Obstructive sleep apnea syndrome(OSAS) is a very common sleep disorder with high prevalence. Globally, nearly 1 billion adults aged 30 to 69 years, are estimated to have mild to severe OSA1. OSAS is not only known as a risk factor for hypertension and other various cardiovascular diseases but also to affect the quality of life and cognitive disorders2,3,4. Therefore, active management and treatment are required. Nonetheless, due to the lack of recognition, patients with OSAS symptoms often do not know that they are suffering from OSAS, or even have symptoms of OSAS5.

Since the severity of OSAS is estimated using the apnea-hypopnea index(AHI), polysomnography(PSG) is considered as the traditional gold standard for diagnosing OSAS6,7. However, PSG requires overnight sleep in a laboratory, a dedicated personnel and system that leads to limited efficiency. In addition, PSG also requires various skin-contacted sensors, which may disturb the subject’s sleep. Other methods are also being attempted to diagnose OSAS, such as home sleep apnea test8 and cardiopulmonary monitoring9,10, which require at least overnight and also require testing equipment. As the number of suspected OSAS patients increases, the necessity for a simplified new method to countervail the shortcomings of preexisting sleep tests is rising.

As the rapid growth of artificial intelligence affects throughout modern society, applications of artificial intelligence-related technologies have recently emerged in diverse fields. Machine learning, which forms an axis of artificial intelligence, is excellent for recognizing and classifying complex patterns in massive data. This characteristic of machine learning is well-suits to complex, heavy, and enormous healthcare data11. Therefore, there is a growing tendency of applying machine learning techniques in medical and healthcare fields12. Since variables affecting the morbidity of OSAS and their correlations are complex, machine learning techniques are likely to be appropriate for proposing prediction models.

Since OSAS is a disease with very complex and diverse factors, lots of studies are being conducted to phenotype OSAS. Clustering, a subfield of machine learning and unsupervised learning, is widely used for phenotyping OSAS13,14,15 because it is suitable for multidimensional data without labels.
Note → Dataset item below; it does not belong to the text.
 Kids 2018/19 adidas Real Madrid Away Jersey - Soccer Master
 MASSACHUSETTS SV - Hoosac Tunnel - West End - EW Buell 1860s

Focusing on this point, this study attempts to obtain better classification performance by proceeding with clustering before classification.

This study aims to present models that can predict the severity of OSAS without performing PSG using assorted machine learning algorithms, in both supervised and unsupervised learning. Since the data is highly dimensional, we attempt to reduce the computation complexity and increase the performance by feature selection and clustering before classification16. In this study, experiments are conducted using a variety of methods, from techniques used in machine learning to methods suggested by medical studies. Accuracy is calculated through comparison with AHI measured from actual PSG and through the calculated accuracy, we compare the utility of models according to the severity of OSAS.

Methods

Data acquisition and ethics declarations

The data used were collected from patients who visited the sleep clinic of Samsung Medical Center between 2014 and 2021. The data include personal information, such as gender, age, height, and weight, as well as physical measurements(abdominal circumference, neck circumference, hip circumference, etc.) and results of self-report questionnaires(Epworth Sleepiness Scale(ESS), Insomnia Severity Index(ISI), etc.) PSG was performed with an Embla N7000 (Medcare-Embla, Reykjavik, Iceland), and the results from the machine’s automated scoring system were used to determine OSAS. AHI was measured as the number of episodes of apnea and hypopnea per hour. PSG features were also collected. The workflow of the predictive models is shown in Fig. 1.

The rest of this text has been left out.